> **PROBLEM TO SOLVE**
What you produce should be the lines from the line containing "VARON (Classic) - A" through the last line below, both ends included, reproduced exactly and without pictures.

*** DATA EXCERPT ***

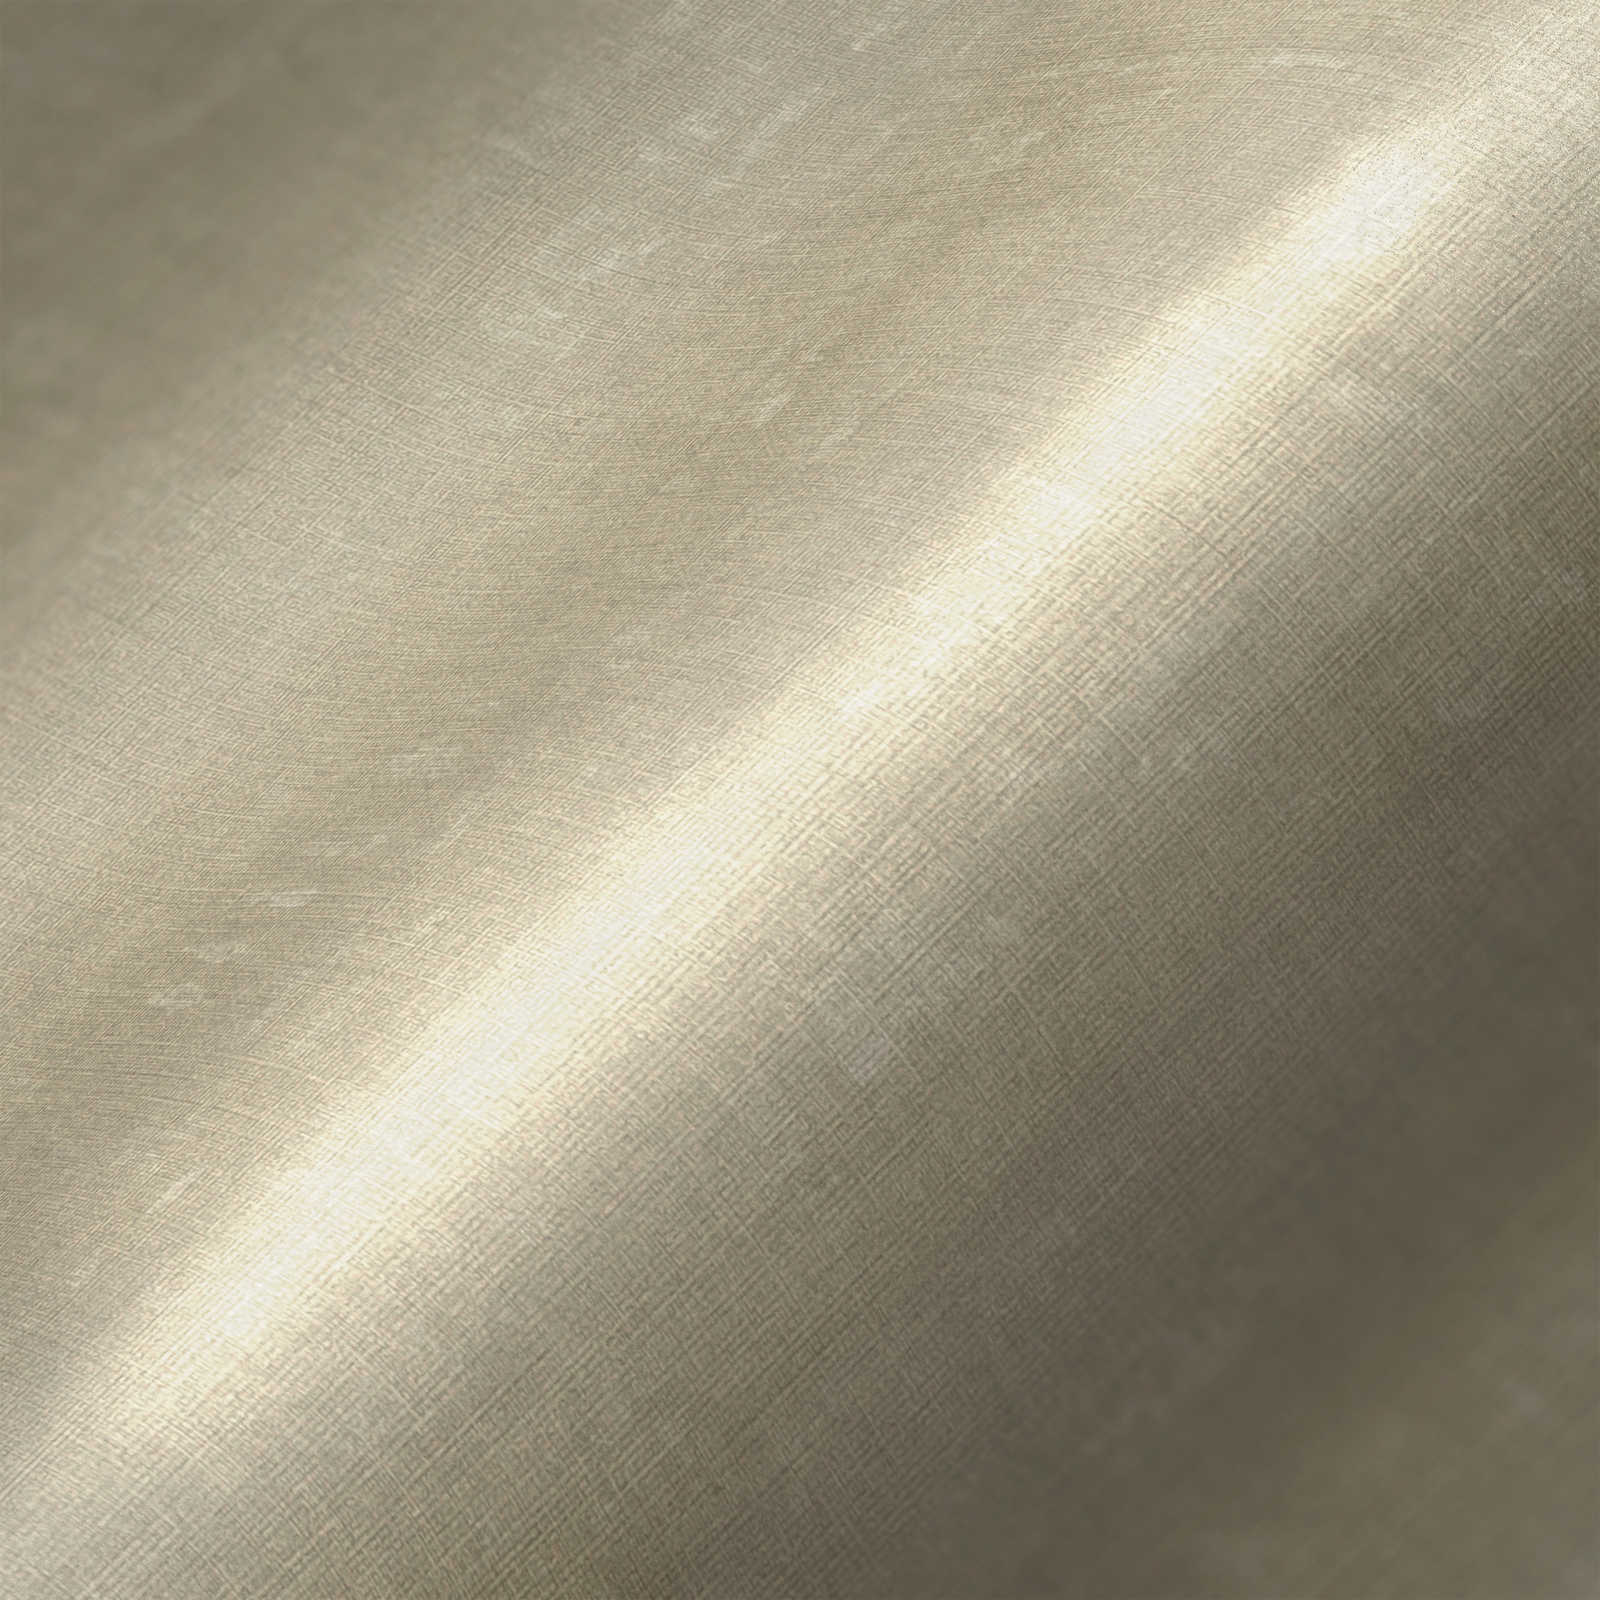             Vliestapete einfarbig mit Struktureffekt – Grau, Beige
        
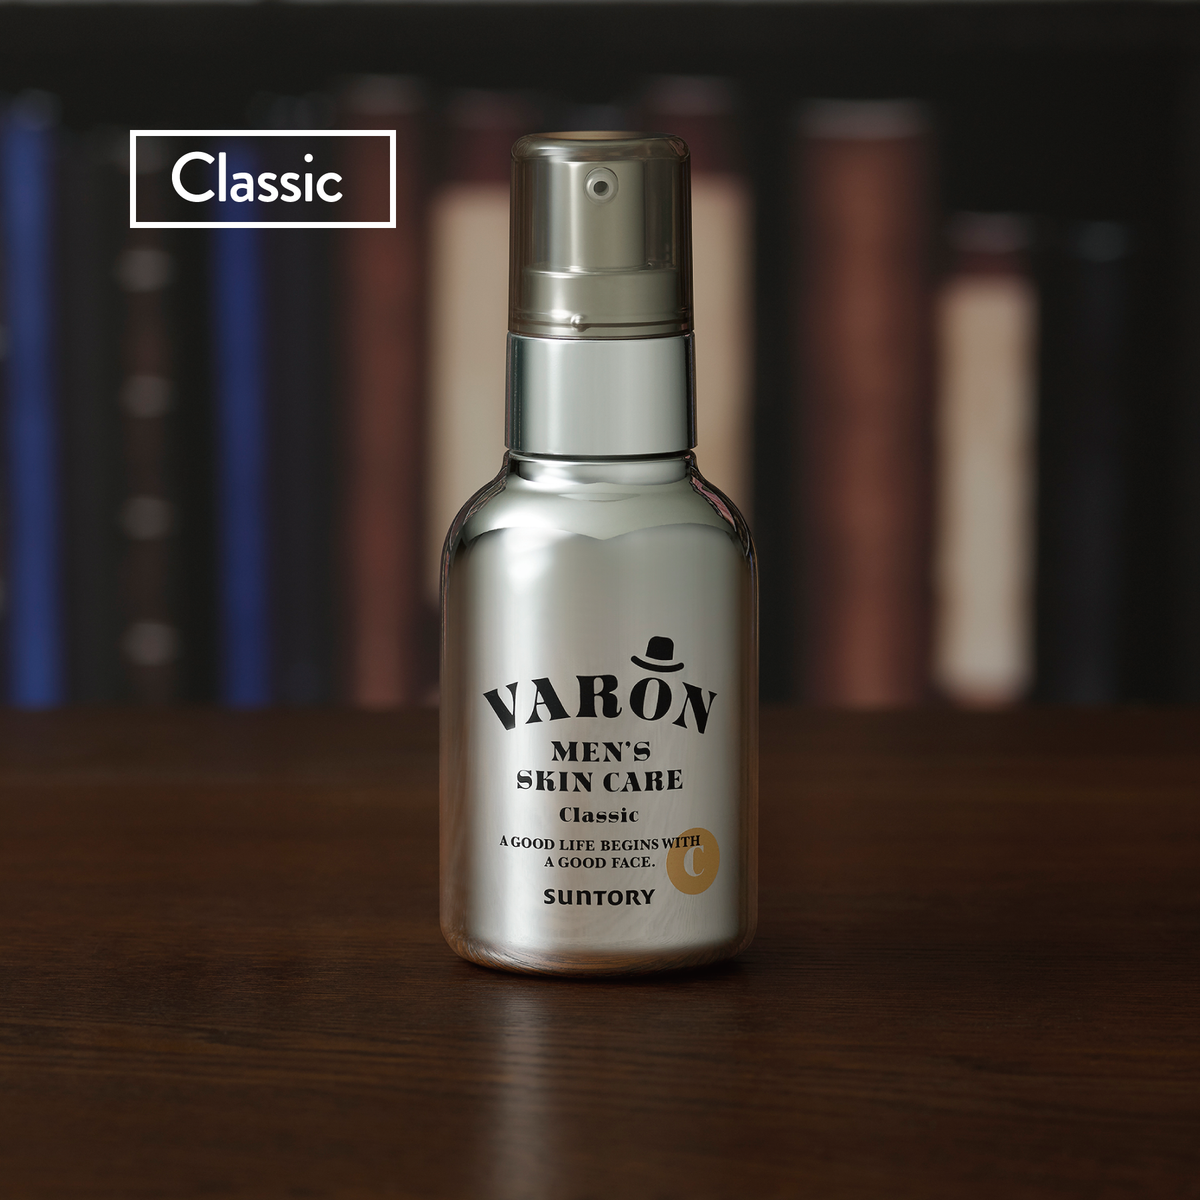 VARON (Classic) - A 3-in-1 men's skincare serum
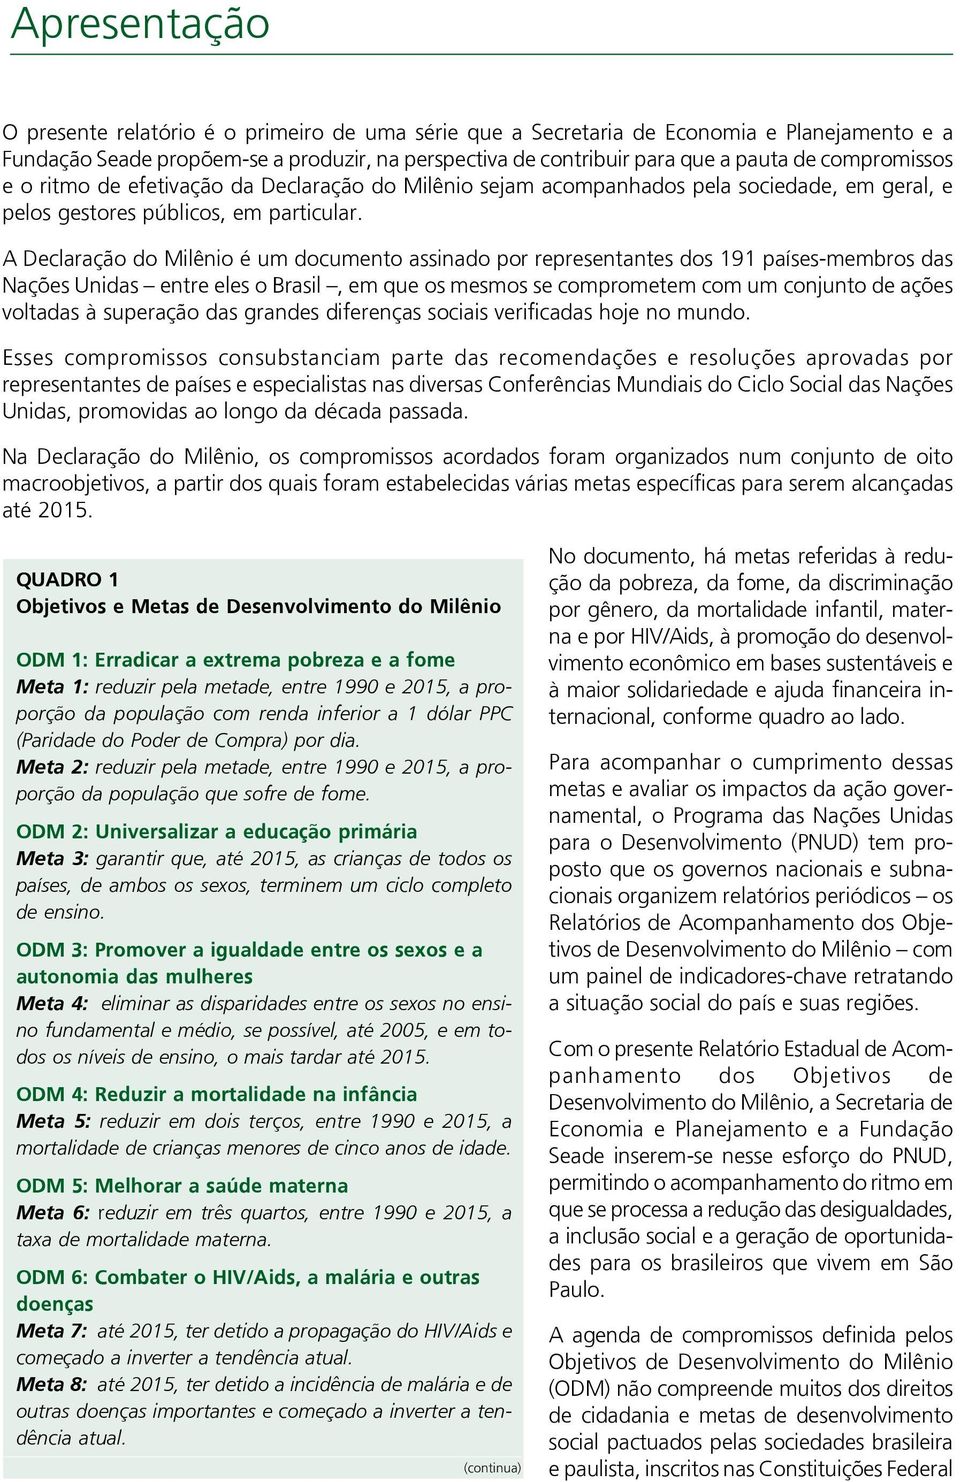 A Declaração do Milênio é um documento assinado por representantes dos 191 países-membros das Nações Unidas entre eles o Brasil, em que os mesmos se comprometem com um conjunto de ações voltadas à

*** End of DATA EXCERPT ***

> **ANSWER TO THIS EXERCISE**
 VARON (Classic) - A 3-in-1 men's skincare serum
 A Declaração do Milênio é um documento assinado por representantes dos 191 países-membros das Nações Unidas entre eles o Brasil, em que os mesmos se comprometem com um conjunto de ações voltadas à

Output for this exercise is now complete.